Es muss wohl meine Neugier gewesen sein, die mich dazu bewog, einen Blick in diesen sonderbaren Laden zu werfen. Mit dem hellen Ton eines Glockenspiels öffnete sich die Tür, als ich sie aufschwingen ließ. Im Halbdunkel erkannte ich einen kleinen Raum, der bis unter die Decke mit allerlei praktischen Dingen ausstaffiert war. Fein säuberlich in altertümlichen Holzregalen ausgelegt.

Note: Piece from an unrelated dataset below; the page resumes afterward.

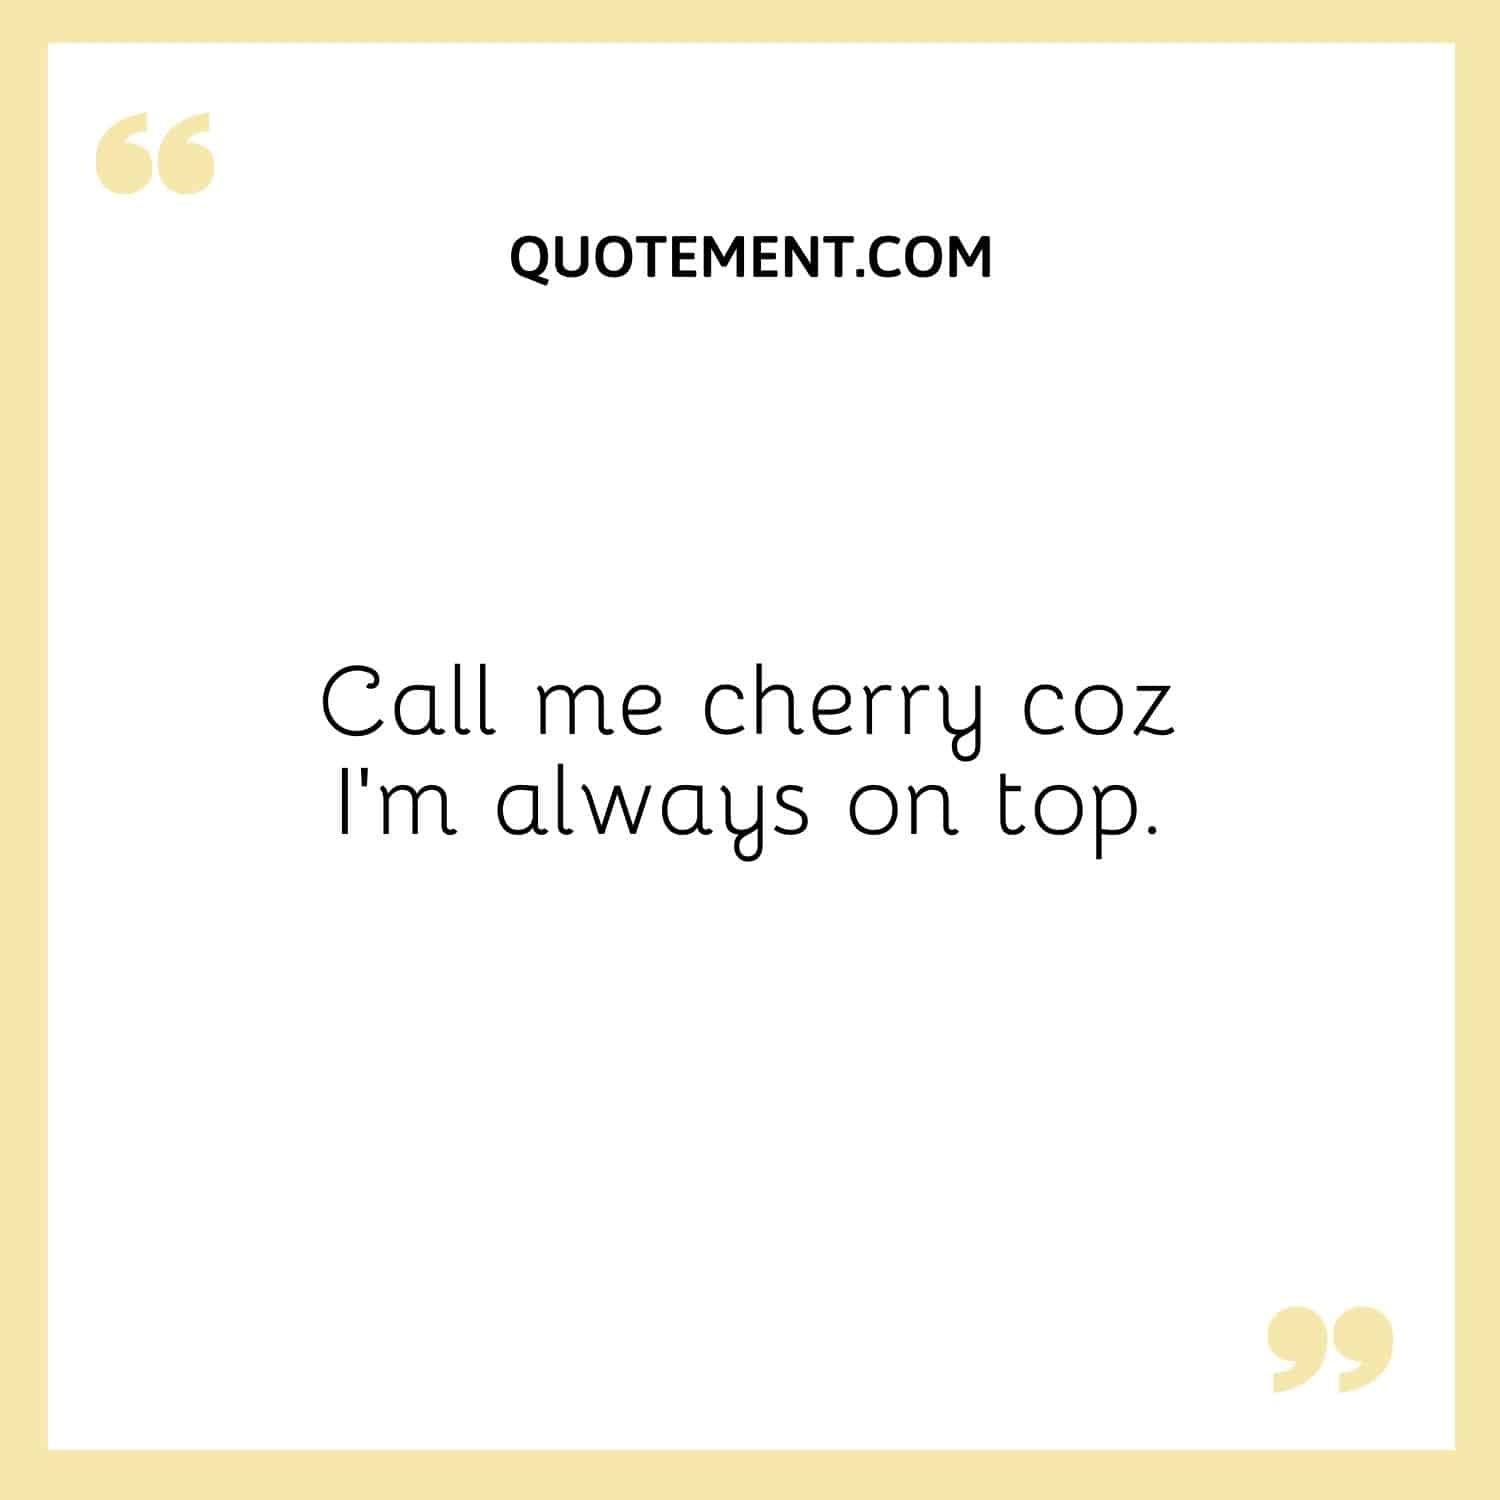 Call me cherry coz I’m always on top.
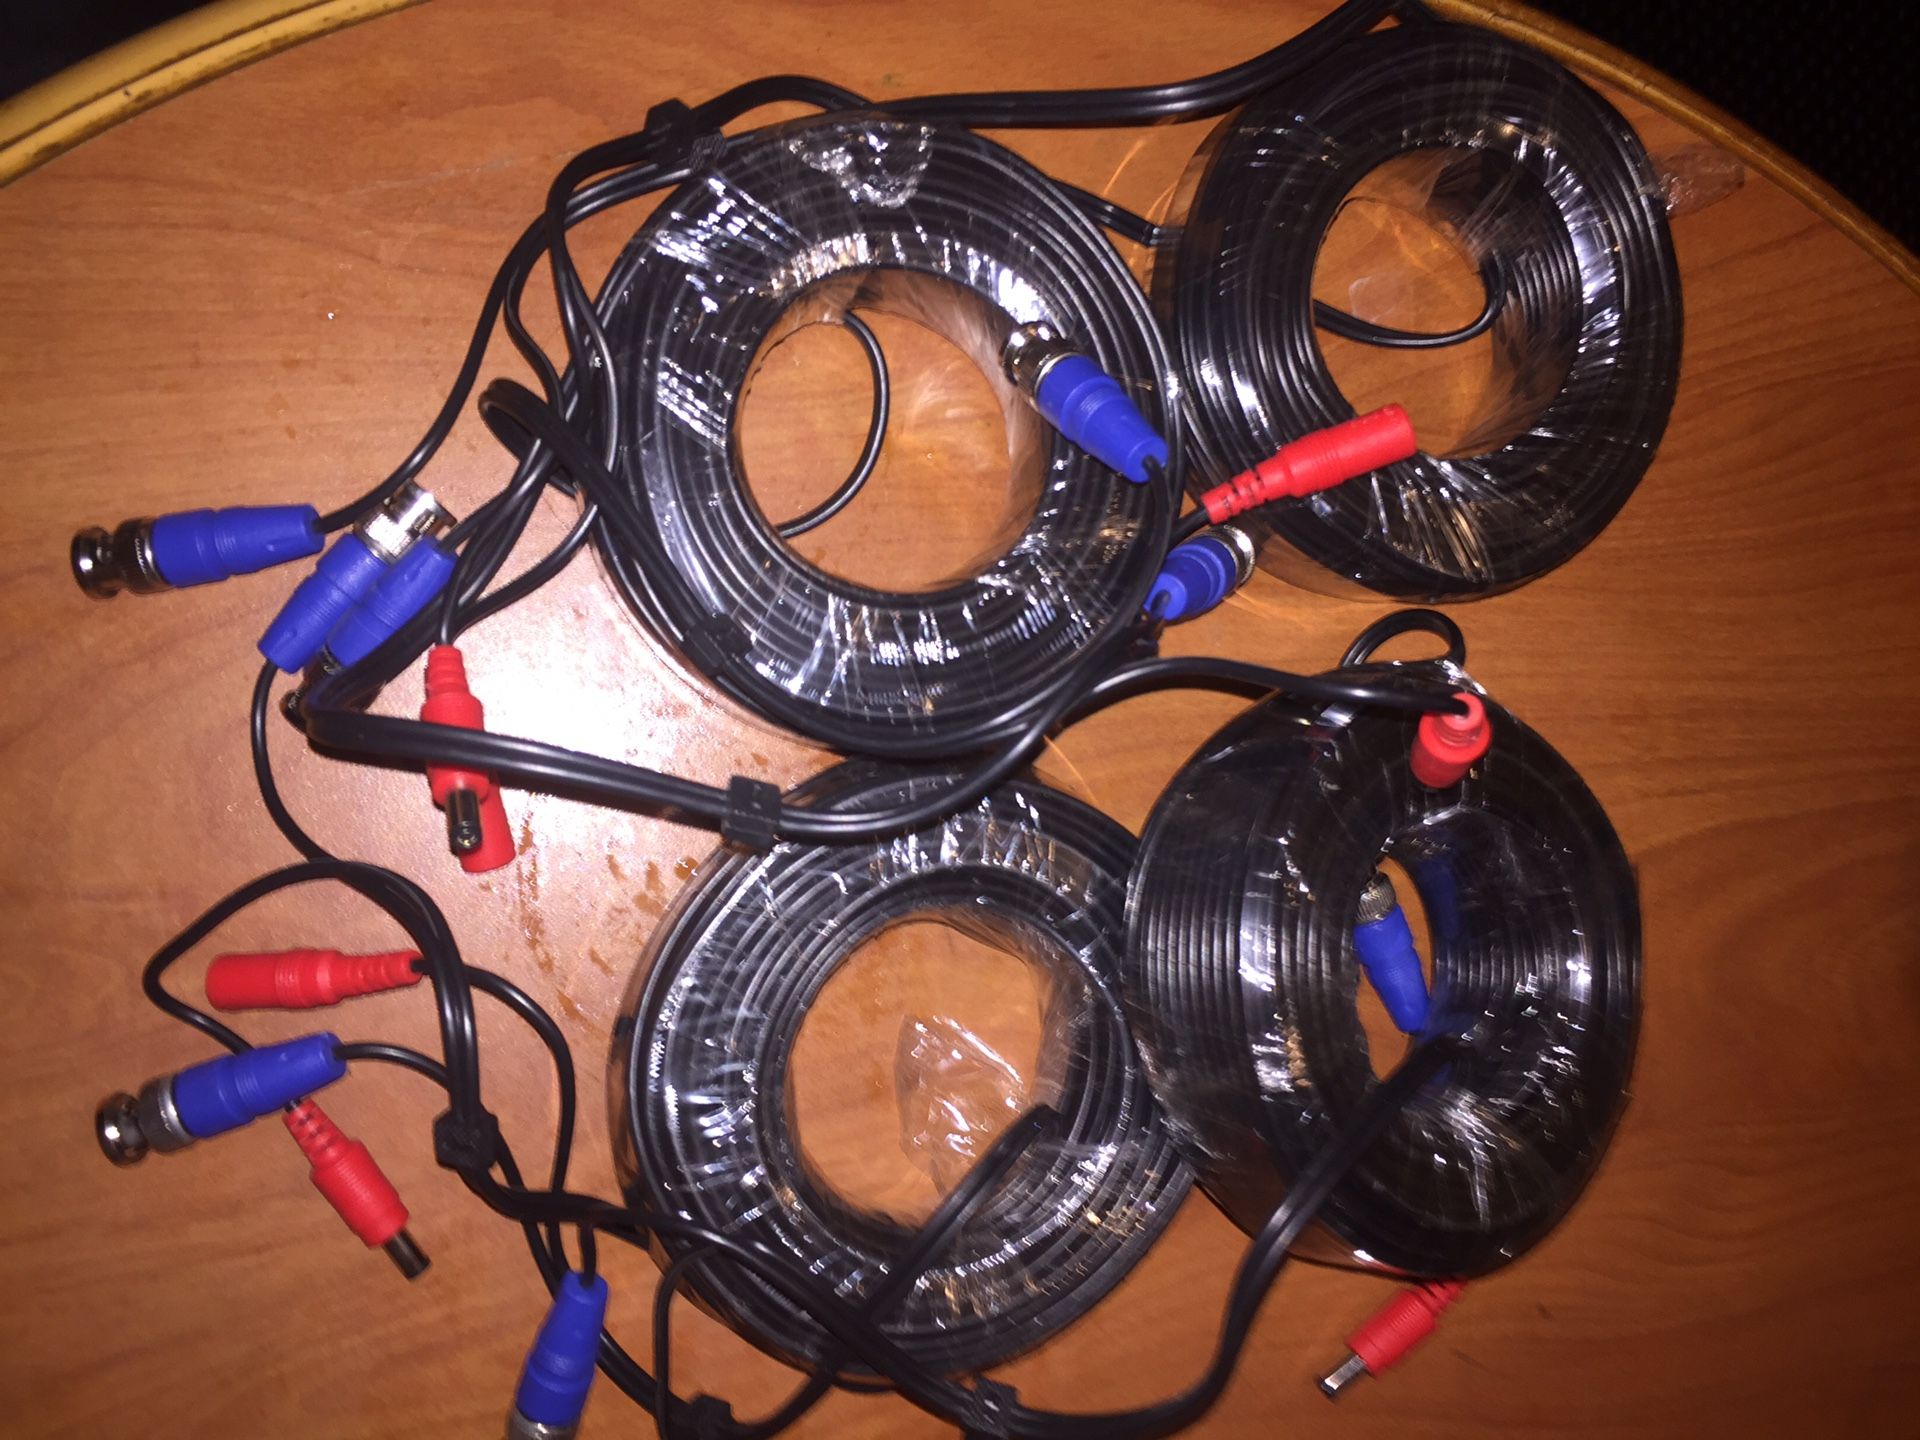 4-50ft bnc cables black $25

Amüsiert glitten meine Blicke über die Vielfalt, als mich eine Stimme innehalten ließ:
„Guten Abend, darf man ihnen behilflich sein ?“
Aus dem Halbdunkel schälte sich schemenhaft eine ältere Dame hervor. Langes, weißes Haar umgab ein freundliches Gesicht, das eine Wärme ausstrahlte, die sich scheinbar nahtlos in das Sortiment einzufügen schien.
Überrascht dürften meine Worte geklungen haben:
„Guten Abend, ich sah ihren Laden und war neugierig…na ja, eigentlich wollte ich nur mal einen Blick hineinwerfen…“

Sie lächelte und machte einen Griff in ein Regal, das verborgen hinter ihr stand. In der Hand hielt sie nun eine Kerze, die sie mir präsentierte.
“Das ist es, was sie haben sollten.“
Verwirrt begann ich in den Taschen nach meinem Geldbeutel zu suchen, als sie kurzerhand die Kerze in eine meiner Tüten gleiten ließ.
„Nein, betrachten sie es als Geschenk. Es soll ihnen Glück bescheren.“
Höflich bedankte ich mich und werließ wenig später den Laden.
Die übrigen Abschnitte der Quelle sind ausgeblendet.